Nutrition: Fuelling For Post-Work Riding

For many of us, mid-week training is a chance to unwind, get in a few quick hours on the bike, and hopefully make a few fitness gains at the same time. Everyday life means that we're often restricted to short sharp sessions after work, and have to rely on the weekend for longer endurance miles. Short sessions can be very productive though, and training is as much about quality as it is quantity.

A fundamental key to getting that quality though, is nutrition. You need to make sure you are properly fuelled to perform at your best; making the most of those brief hours that you can squeeze into a busy mid-week schedule.

I've got this kind of nutrition wrong on many an occasion. Much like the feeling of 'bonking', if you haven't fuelled correctly, you are left lifeless and unproductive on the bike. With that in mind, I've now got a clear idea of how to effectively fuel for an after-work training set...

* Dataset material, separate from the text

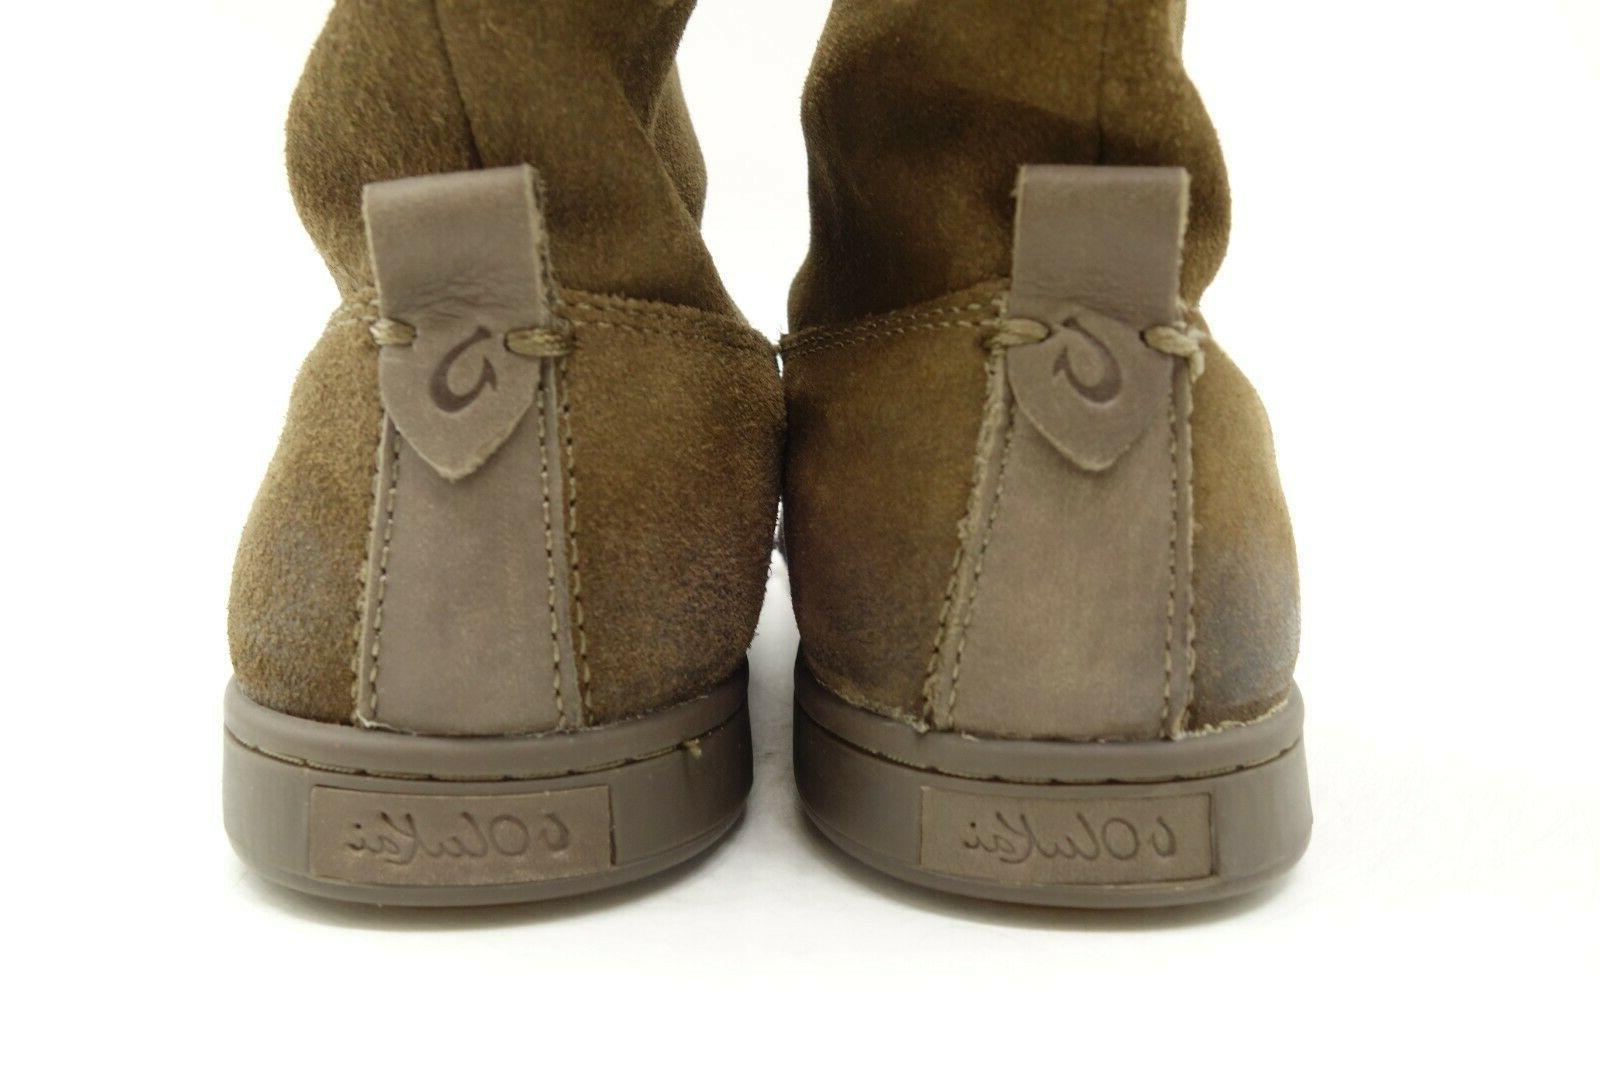 Olukai Moe Tassel Bow Leather Pull On Ankle Boots Women's 8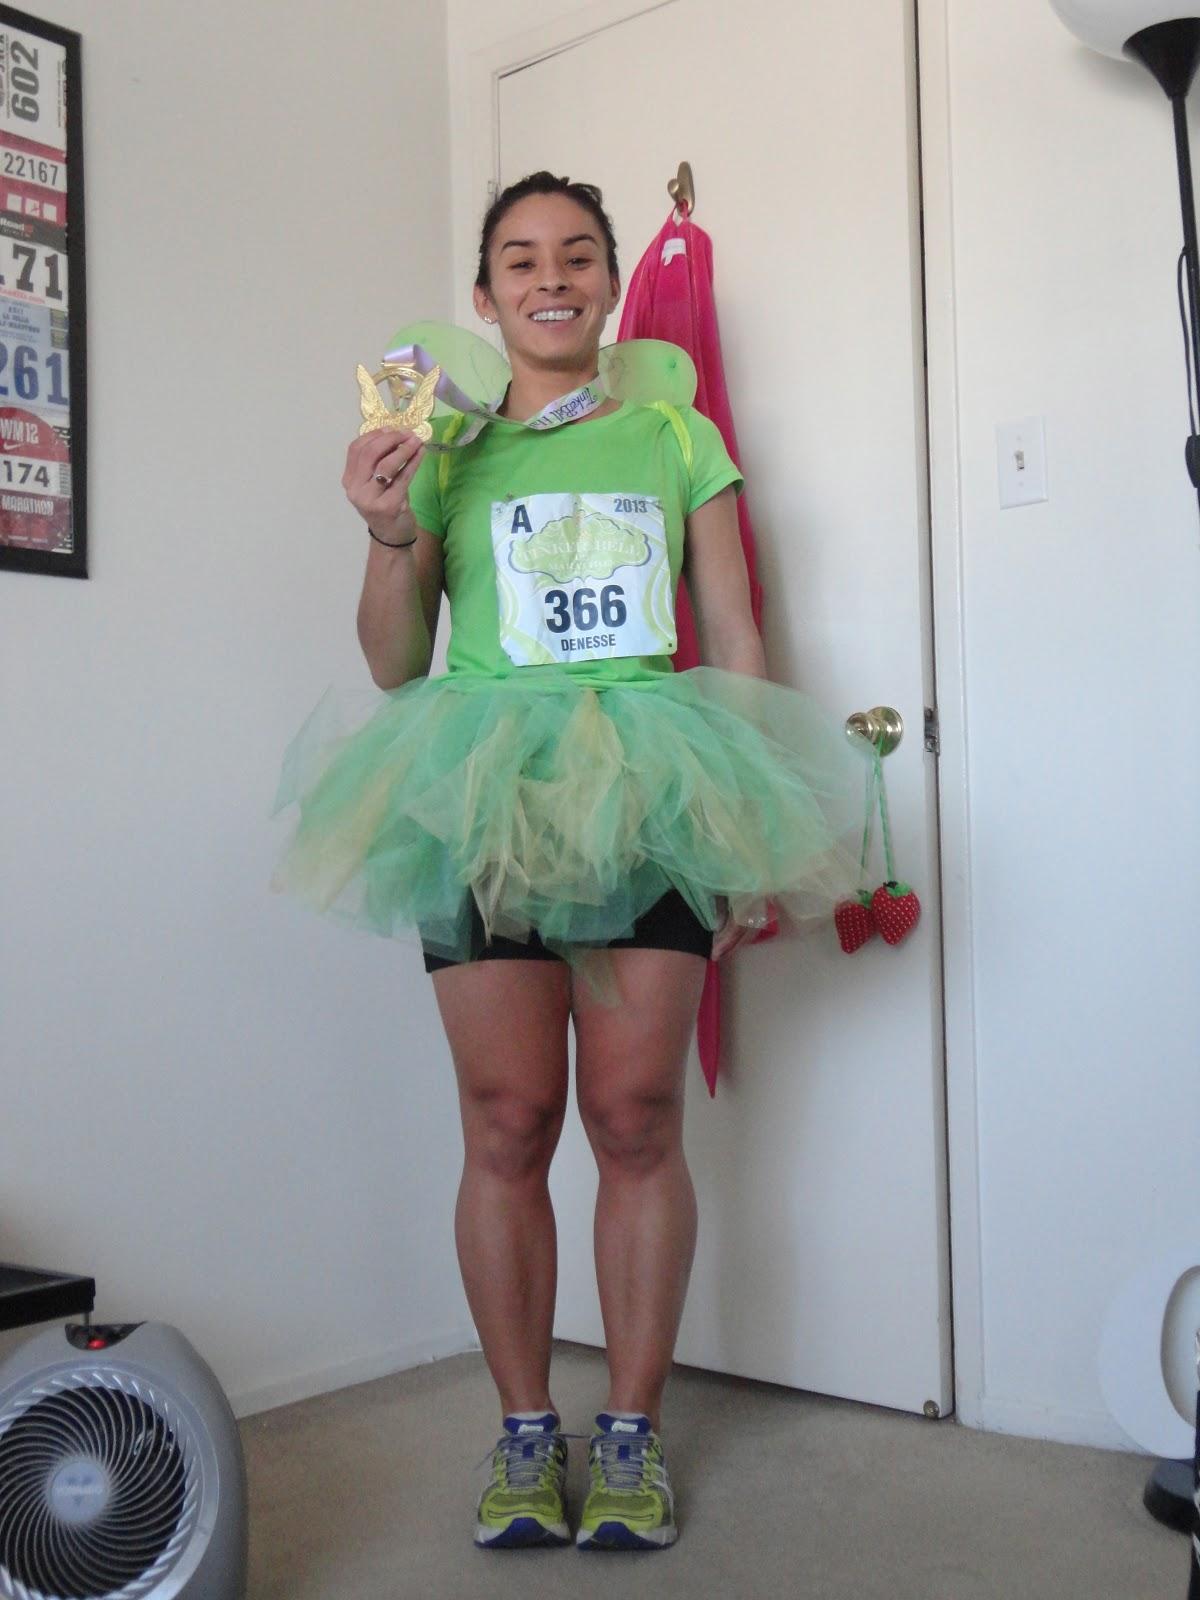 sprint. run. jog: How to make a Tinkerbell costume

Caffeine and Carbohydrates

By its nature, evening is a time when our energy levels can be left flagging. Having had lunch at mid-day, you can find that by 6pm, your blood sugar levels will have dropped and your senses dulled. The solution is effective pre-loading, and for that, I use a mixture of caffeine and carbohydrates.

In particular, I've taken to using MaxiNutrition's new FuelMax Plus bar. As far as I know, this is the only energy bar on the market to contain a significant amount of caffeine, as well as a good carbohydrate boost. You could get both of those components from a coffee and a cereal bar, but this provides a neat and easy snack, which is great for chewing down half an hour before the end of the working day.

The FuelMax Plus bar is effectively an apricot cereal bar, coated in dark chocolate. It contains added Vitamin C, to help support your immune system, as well as 141mg of caffeine. To get an idea, 141mg is about the equivalent to a large coffee, or 2-3 shots of espresso; it's certainly enough that you'll notice it, and it should give you a serious "kick up the backside" to get going.

Taking a FuelMax bar 30 minutes to an hour before you start exercising, means that your blood sugar levels and alertness will be boosted for the start of your session. A vital carb and caffeine kick, which will set you up for some productive training.

Energy Drink

Depending on the duration of your after-work session, it can also be helpful to use an energy drink supplement, to keep your blood sugar levels elevated throughout. Having taken on caffeine before the session, and considering it is probably getting later in the evening now, I opt for a non-caffeinated energy drink - at the moment, I'm using MaxiNutrition FuelMax.

One 35 gram scoop, in 500ml of water, will pack a 27 gram carbohydrate boost. That's about the equivalent of one energy gel, so it's enough to give a significant fuelling effect. The FuelMax also contains six essential electrolytes, so that you remain properly hydrated throughout your session (of course, you need to go into the session well hydrated, having drunk plenty of water throughout the day).

An energy drink will keep you pepped up, and I find it also encourages me to drink more often than if I just took water (probably because I don't want to waste it!). Staying well fuelled will mean you can do that last interval set with the same energy as the first.

In summary, nutrition for training after work is a mixture of pre-ride preparatory fuelling, and during-ride active fuelling. Of course, you need to ensure that you're eating and drinking well throughout the day; there's no substitute for a good diet (see my Ideas For A Cyclist Shopping List post for some ideas). But, a quick snack before you ride and effective fuelling during your ride, will boost the energy you have for your sessions, without a doubt.